Даже сейчас Флоренс помнила выражение его лица, как у него перехватило дыхание, помнила его взгляд. Он опустился на колени и заключил ее в объятия. Теперь он поцеловал ее так, что не осталось никаких сомнений. И она поцеловала его страстно, как не целовала еще никого. Словно все чувства до сих пор находились взаперти, а теперь вырвались наружу.

Флоренс встряхнула головой, отгоняя воспоминания. Почему все это сейчас вспомнилось? Конечно, очень приятные воспоминания… Но она не должна забывать, каким Дуглас стал потом: холодным, эгоистичным, двуличным. В конце лета он стал другим человеком.

Вдруг за пологом палатки в дюнах мелькнуло что-то белое. Она вздрогнула. Боже мой, что это?.. Или чайка пролетела совсем рядом?

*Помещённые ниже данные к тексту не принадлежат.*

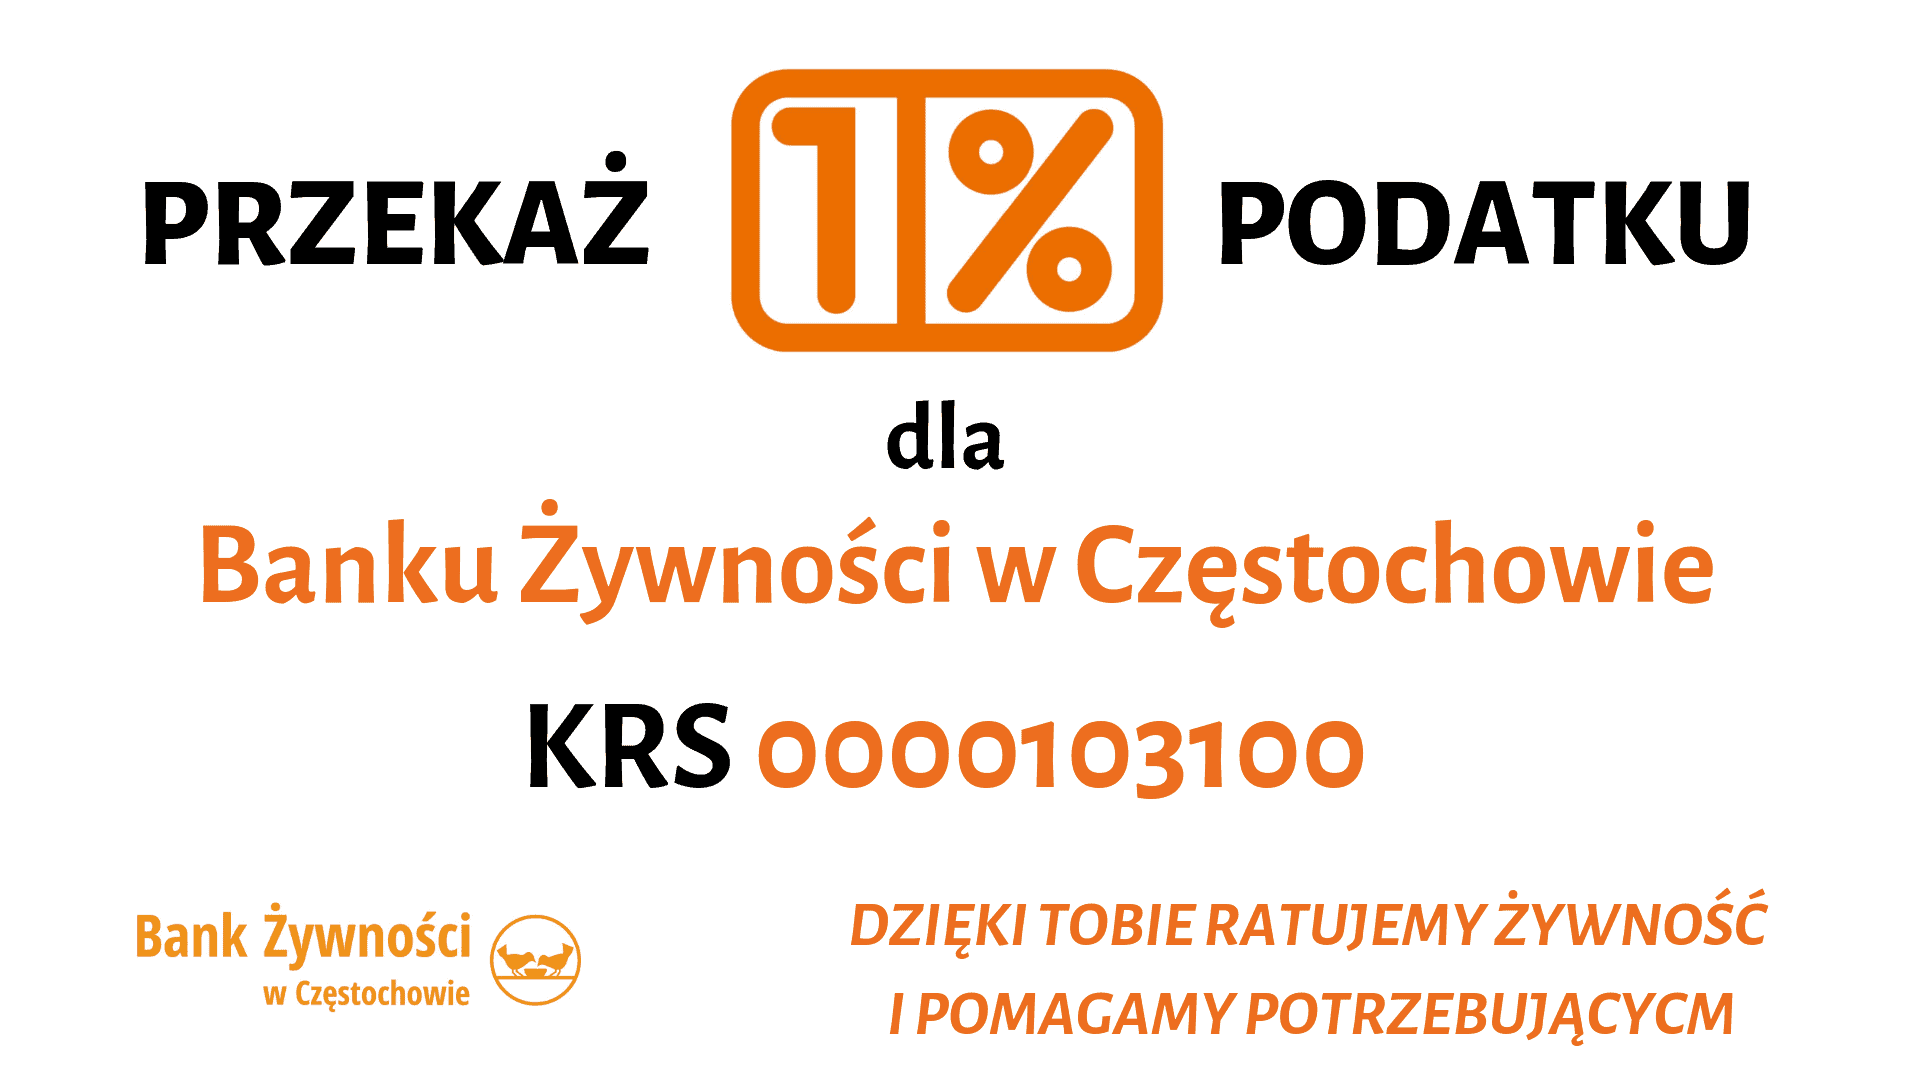 You are currently viewing PRZEKAŻ 1% PODATKU BANKOWI ŻYWNOŚCI W CZĘSTOCHOWIE

Вот опять. И теперь она разглядела: носовой платок, привязанный к палке.

— Флоренс!

— Дуглас! — Словно материализованное воспоминание.

Дуглас положил свой белый флаг и заглянул в палатку.

— Крис спит?

— Да.

— Хорошо. Нам нужно поговорить.

— Уходи! — Окружавшая их ночь вдруг начала пульсировать, как одно громадное сердце. Стало трудно дышать. Она не видела его лица: костер у него за спиной слепил глаза. Но по голосу было понятно, как он раздражен.

— Флоренс Кларк! Вылезай!

Тон был таким властным, что она решила не спорить и подчиниться.

Снаружи оказалось холодно. Она медленно пошла к костру и уселась, обиженная, застегнув до конца молнию ветровки.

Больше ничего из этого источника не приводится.